This is the most important part. Almost all Crimean people are ethnic Russians. What's happening is a Civil war / split, and Russian is simply allowing a part to join Russia. 

To have the USA president -- Obama or otherwise -- talk about how Russia shouldn't meddle in a civil war just reeks -- _reeks_ -- of hypocrisy. Don't get me wrong, I love my country and think that, overall, it's the best on the planet, but we're being ragingly hypocritical on this matter.

The truth is that many of the old Soviet countries have done nothing but suffer since the fall of the Soviet Union. Now, many of them are looking back fondly of that era. We're going to see more countries willingly join with Russia.


----------



## charley (Mar 22, 2014)

Swiper said:


> it was our own govt., the CIA who was behind the protests that got rid of the democratically elected president of Ukraine starting a shit storm over there. now it all backfired with Russia taking a part of Ukraine.  it all can be traced back to our foreign policy of interventionism.

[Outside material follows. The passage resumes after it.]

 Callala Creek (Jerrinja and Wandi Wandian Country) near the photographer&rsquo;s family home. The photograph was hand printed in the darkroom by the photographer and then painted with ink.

..Our intervention in other countries politics is the root cause, it's ok we invade Iraq, so why can't Russia invade Crimea ???  I wish we would work on rebuilding America, our schools, bridges,highways and let other countries sort it out for themselves, the only people that advantage from our interventions are the corporations & oil companies.


----------



## LAM (Mar 22, 2014)

Zaphod said:


> You do realize that the people of Crimea actually wanted to become part of Russia, right?

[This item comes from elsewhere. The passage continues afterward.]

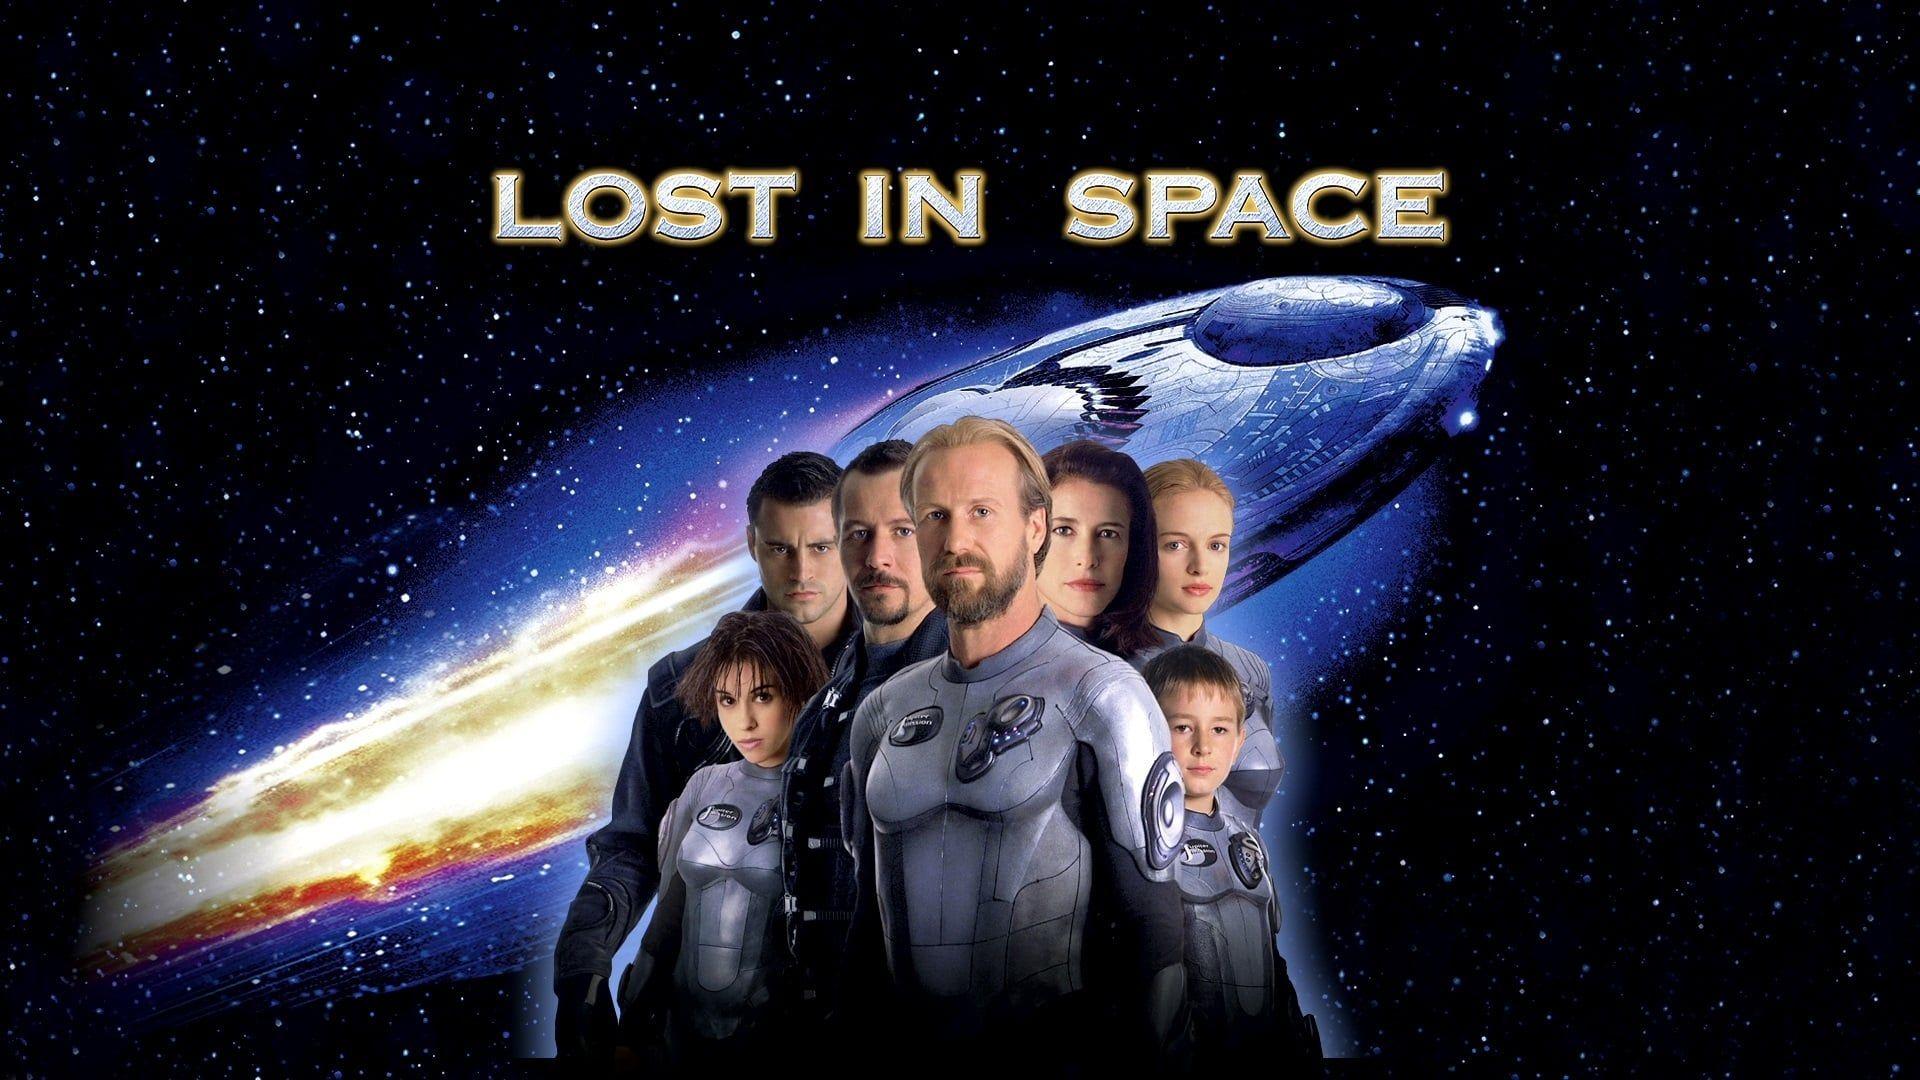 Lost in Space 2018 Wallpapers - Top Free Lost in Space 2018 Backgrounds

The switch to democracy and capitalism in a lot of eastern European country's has been less then ideal.  There is a lot of divide between the generations due to the lack of economic growth.  A lot of the older people feel things were better under communism.

I think the GDP of that country is only like 4B, with a couple million people with most of that of course going to the top.


----------



## DOMS (Mar 22, 2014)

charley said:


> ..Our intervention in other countries politics is the root cause, it's ok we invade Iraq, so why can't Russia invade Crimea ???  I wish we would work on rebuilding America, our schools, bridges,highways and let other countries sort it out for themselves, the only people that advantage from our interventions are the corporations & oil companies.



Russia isn't invading anyone.


----------



## Swiper (Mar 22, 2014)

LAM said:


> The switch to democracy and capitalism in a lot of eastern European country's has been less then ideal.  There is a lot of divide between the generations due to the lack of economic growth.  A lot of the older people feel things were better under communism.
> 
> I think the GDP of that country is only like 4B, with a couple million people with most of that of course going to the top.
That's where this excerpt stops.